К тому моменту, когда заканчивается «Преступление и наказание», у Порфирия Петровича нет ничего на Раскольникова. У него есть готовый подозреваемый, признавший себя виноватым, Николка, который хотел пострадать. Настоящий анализ доказательств ещё не изобретён, поэтому ни замытая кровь, ни кровь на панталонах Раскольникова, ни всякие против него говорящие факты ничего не могут сделать. А попытка подослать мещанина… Помните, когда подходит к Раскольникову мещанин и говорит: «Убивец!» – а потом низко кланяется ему? И тем не менее ничего доказательного вышибить из Раскольникова не удалось. Он признаётся на чистой совести, только на давлении, на фокусе Порфирия, проклятого психолога («проклятым психологом», если вы помните, называет Ставрогин отца Тихона). Но именно в этом и заключается фокус детектива: герой абсолютно чист.

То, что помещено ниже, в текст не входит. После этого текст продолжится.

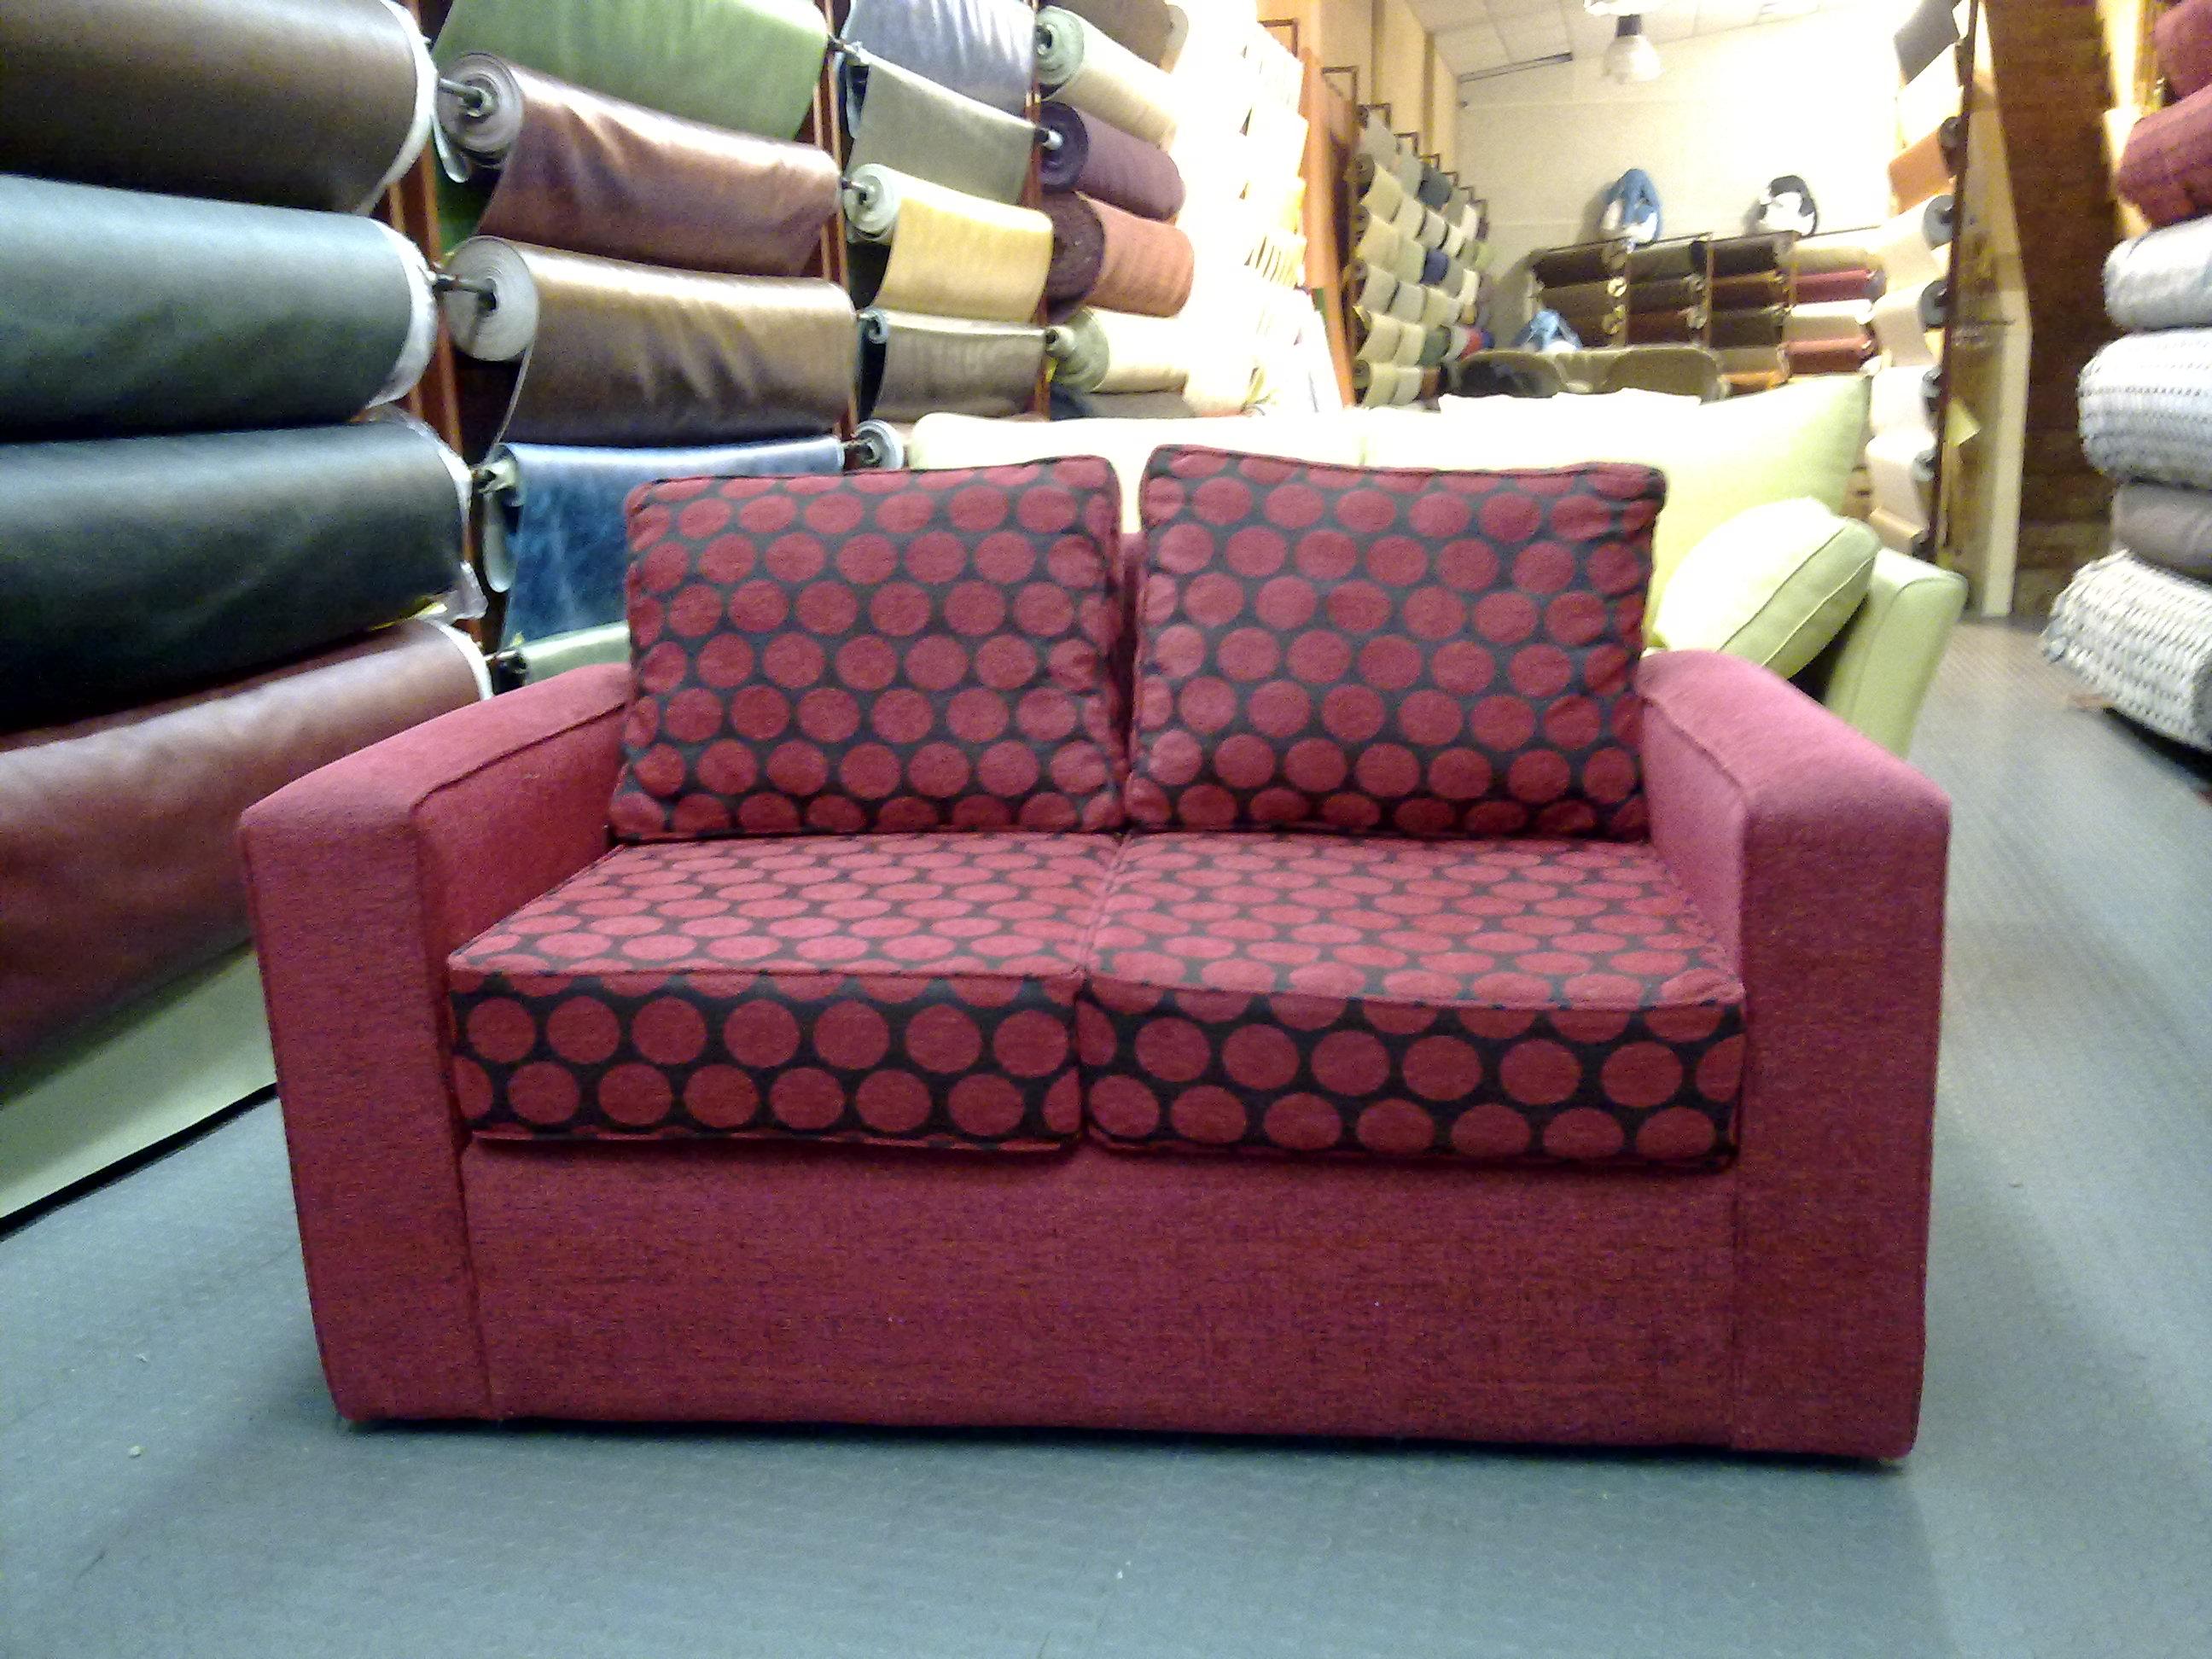 Mayorista de colchones y almohadas sillones sillones for Sillones de tela baratos

Парадокс романа в ином. Вот в чём, кстати говоря, главная трудность при анализе «Преступления и наказания» – вопрос поставлен в одной плоскости, а разрешён в другой. Вот в этом гениальность Достоевского. Вопрос поставлен в плоскости теоретической. Почему нельзя убивать старуху? По логике вещей выходит, что старуху убить: а) можно; б) хочется; в) приятно. Ну, сам по себе факт убийства, конечно, неприятен. И «скользкий снурок», кровь, густо смазанные маслом волосёнки процентщицы, да ещё тут же пришлось убить и кроткую Лизавету, и Лизавета была ещё к тому же беременна… Ничего хорошего в убийстве нет. Но с теоретической точки зрения нет и ни одного аргумента, по которому убивать старуху не следовало. Старуха очень противная. Старуха держит в долговом рабстве весь район, весь околоток. Старуха заедает жизнь Лизаветы, и вообще эта Алёна Ивановна очень неприятная женщина. Поэтому на теоретическом уровне нельзя обосновать милосердие.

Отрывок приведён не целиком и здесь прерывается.